Nevada's Attorney General is now requesting all banking institutions that provide mortgage loans to Nevada properties to implement a moratorium on all foreclosures, evictions and REO sales in the state until meeting with their office. They want to ensure proper safeguards are in place.

Meantime, there's mixed reaction about Bank of America's move to stop selling foreclosures.

"There's not much we can say other than the banks are doing things on their time and their speed," said realtor Nicole Lavigne. "Obviously, there's been a lot of press with legal documents not being handled properly, so we want to make sure that everything is being done the way it should be with the banks."

More than that, Lavigne says there may be a chance home prices could rise because not as many low-priced homes would be on the market.

"It presents a tremendous opportunity for traditional sellers to not have to compete against bank owned listings," she said.

But not everyone agrees any good can from the move. Rick Shelton is president of the Greater Las Vegas Association of Realtors and believes stopping foreclosures or the sale of them would do more harm than good.

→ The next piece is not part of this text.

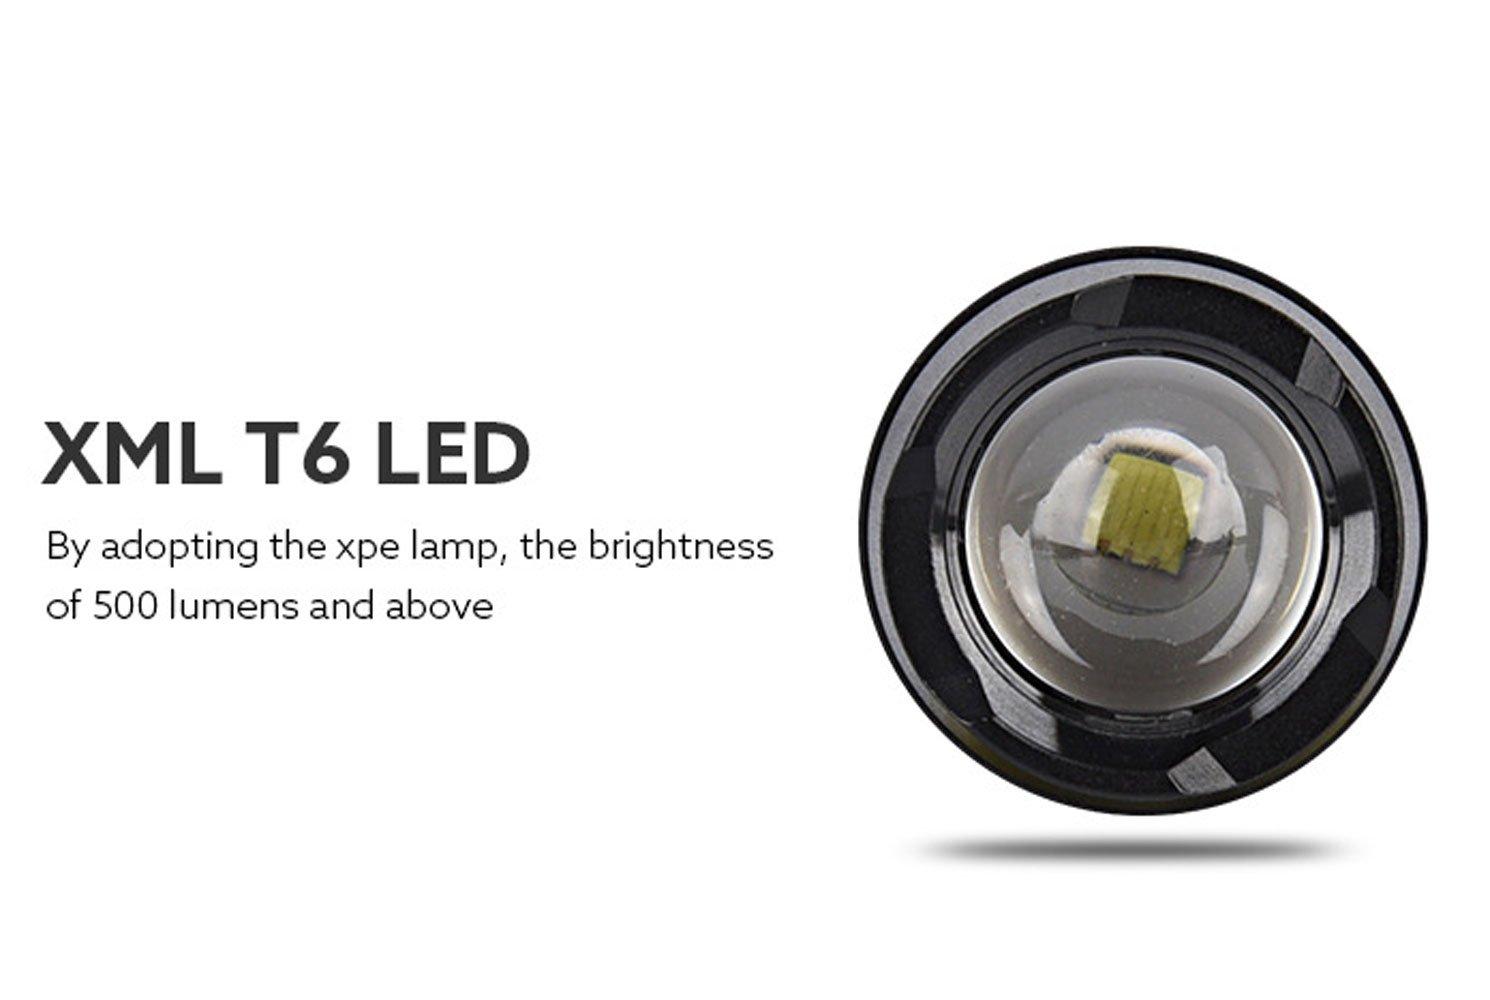 518740136b5 ... GXWFUI Recargable Recargable Recargable USB Linterna LED Ajustable Zoom  Aire Libre Linterna Multifuncional Perfecta para Ciclismo ...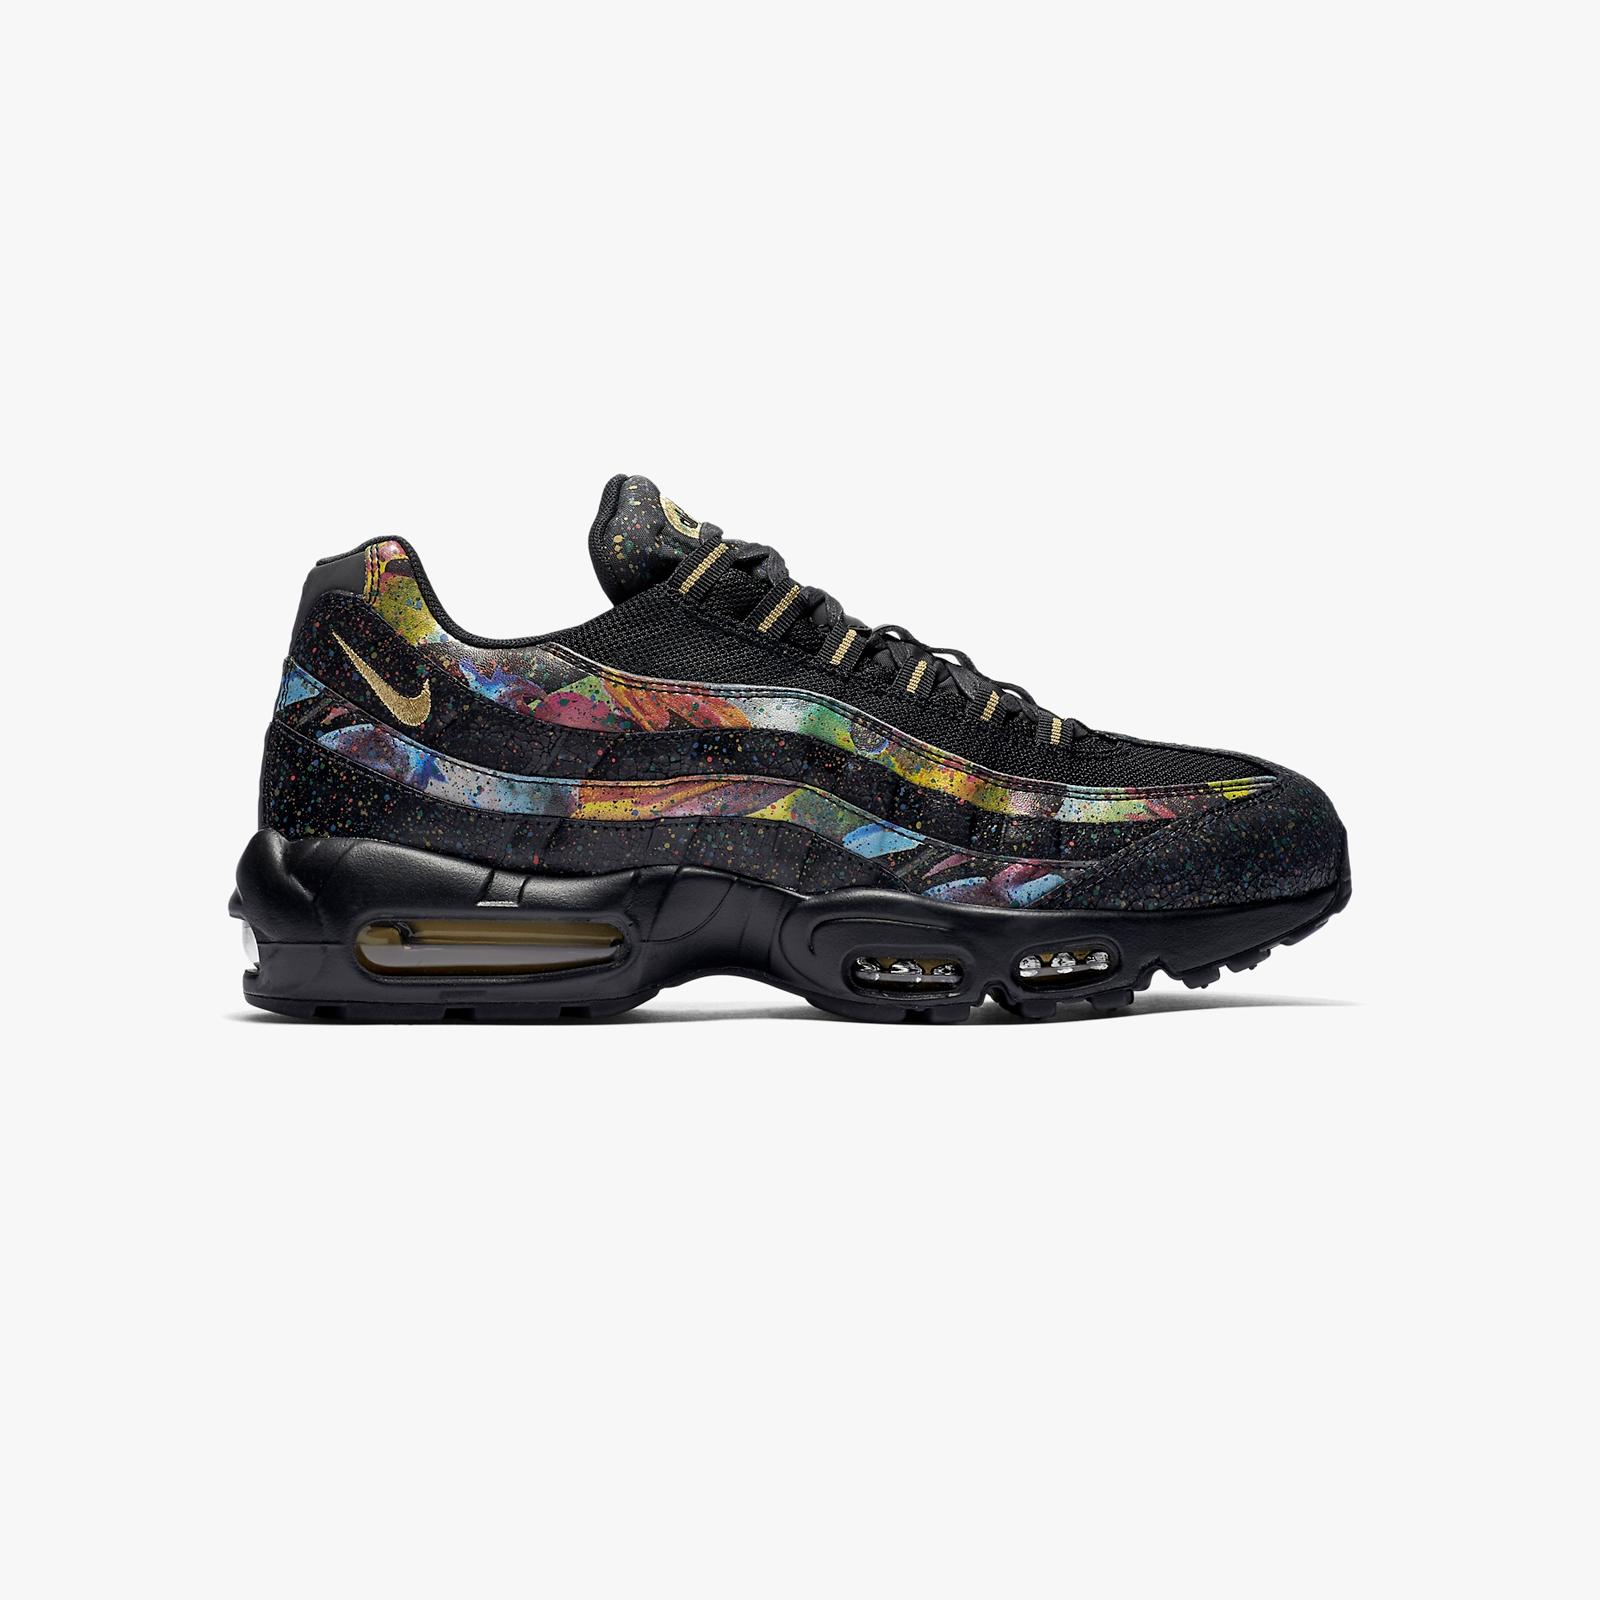 eb5c5f4415db7c Nike Air Max 95 - At6142-001 - Sneakersnstuff

"From a personal perspective, I'm not sure that it serves our purpose whatsoever," he said. "To cure the cycle, you have to go through the process. And stalling the process, you elongate the cycle. So that's the downside to it."

Shelton says people do have reason to be concerned over the chance of mishandled or misfiled documents. However he doesn't feel moratorium is the answer.

"Does that discredit the fact an agreement was made on behalf of a mortgager? I don't think so," he said.

Bottom line, Shelton thinks delaying the process will not help, especially in one of the worst housing market in America.

"They are just basically stopping a freight train that's already moving and now we're are going to have to start that train up again to finish the process," he said.

Calls for comment on this story to Bank of America were not returned.